The Wisconsin Department of Transportation (DOT) announced Tuesday its preferred alternative plan for the I-94 east-west corridor that will cost $850 million dollars. DOT officials proposed making the 3.5 mile stretch into four lanes in each direction. 

Officials had been discussing between expanding the interstate and constructing a double deck. The expansion would cost $270 million less, said Mark Gottlieb, DOT Secretary. 

\"We can't make everyone happy with every decision but I'm confident that in this corridor. We're making the best decision for the traveling public,\" Gottlieb said. 

The corridor is between 16th and 70th streets. The stretch of I-94 has been open to drivers since the early 1960's. 

The DOT assures the Soldier's Home National Historic Landmark won't be affected.

\"We've got about  roughly about 110 feet of public right away but the way we would achieve that is we do compromise our lane width from 12 feet to 11 feet in that small section,\" said Brian Bliesner, chief engineer for the project. 

Two public hearings were held to get input on the project. However, Tuesday's announcement was only open to the media. The group, Wisconsin Public Interest Research Group, wasn't allowed in the news conference. 

\"The coalition for more responsible transportation has proposed an alternative that would repair the highway, that would repair I94 and return it to good state of repair and at the same time make repairs in transit as well,\" Peter Skopec, campaigns director for the group. 

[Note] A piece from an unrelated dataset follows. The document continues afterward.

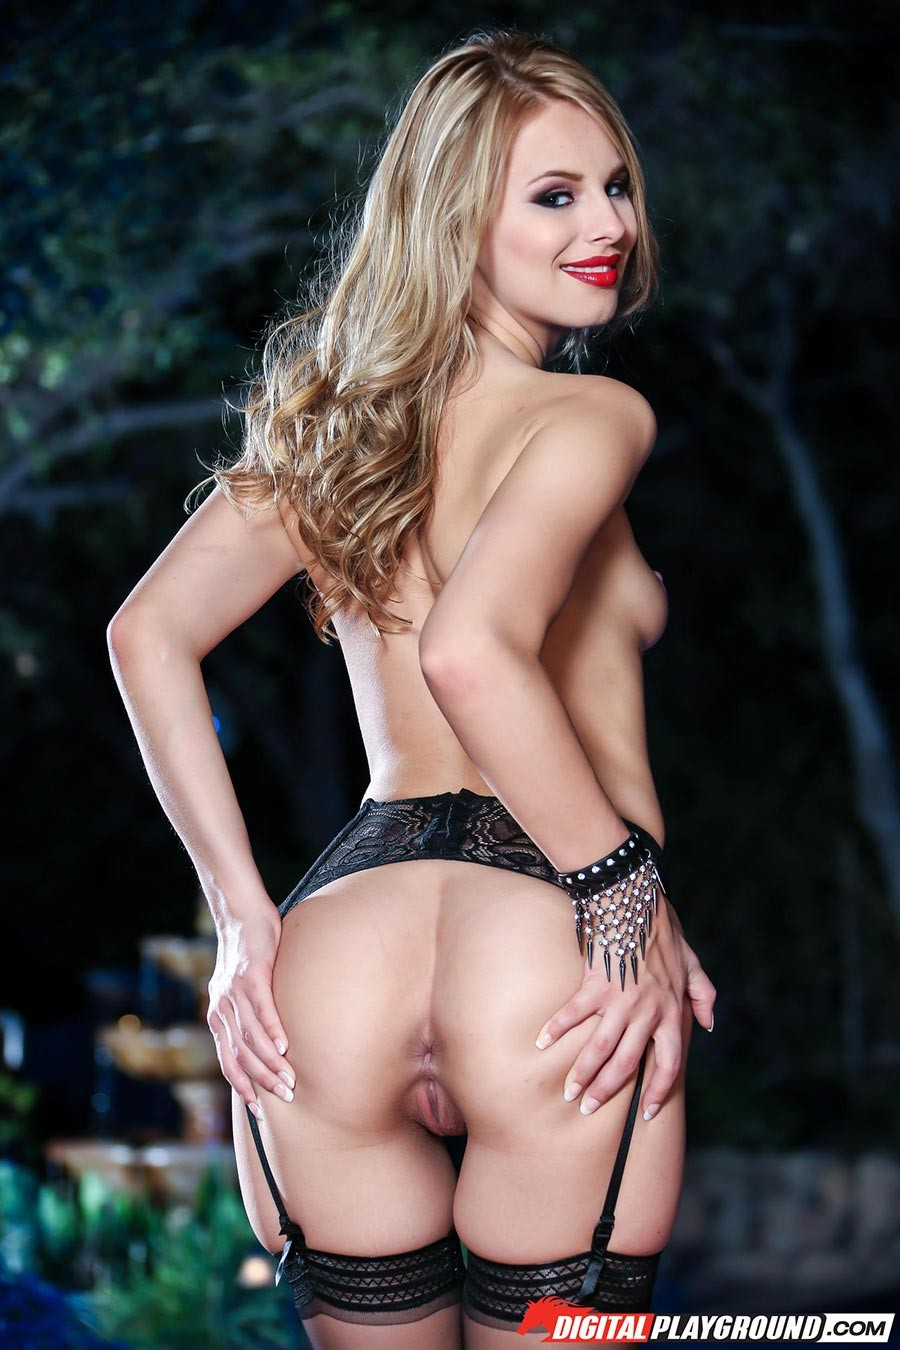 Джиллиан Дженсон - девушка с красивой фигуркой, которая любит подразнить своим телом

One of the proposed changes includes modifying access points to Hawley Road. Gottlieb said it would help facilitate access to and from the west. 

The Mayor of West Allis, Dan Devine, said in a statement that he was disappointed with the DOT's decision to eliminate partial access at Hawley Rd.  

“While this is not the ideal situation, we are confident in the City of West Allis' resiliency and ability to rise to this challenge,” Davine stated. 

The next step in the process will be for the DOT to meet with local officials, agencies and the public. The Federal Highway and Administration Department will need to approve the plan before the design process begins. 

Construction could start as early as 2019.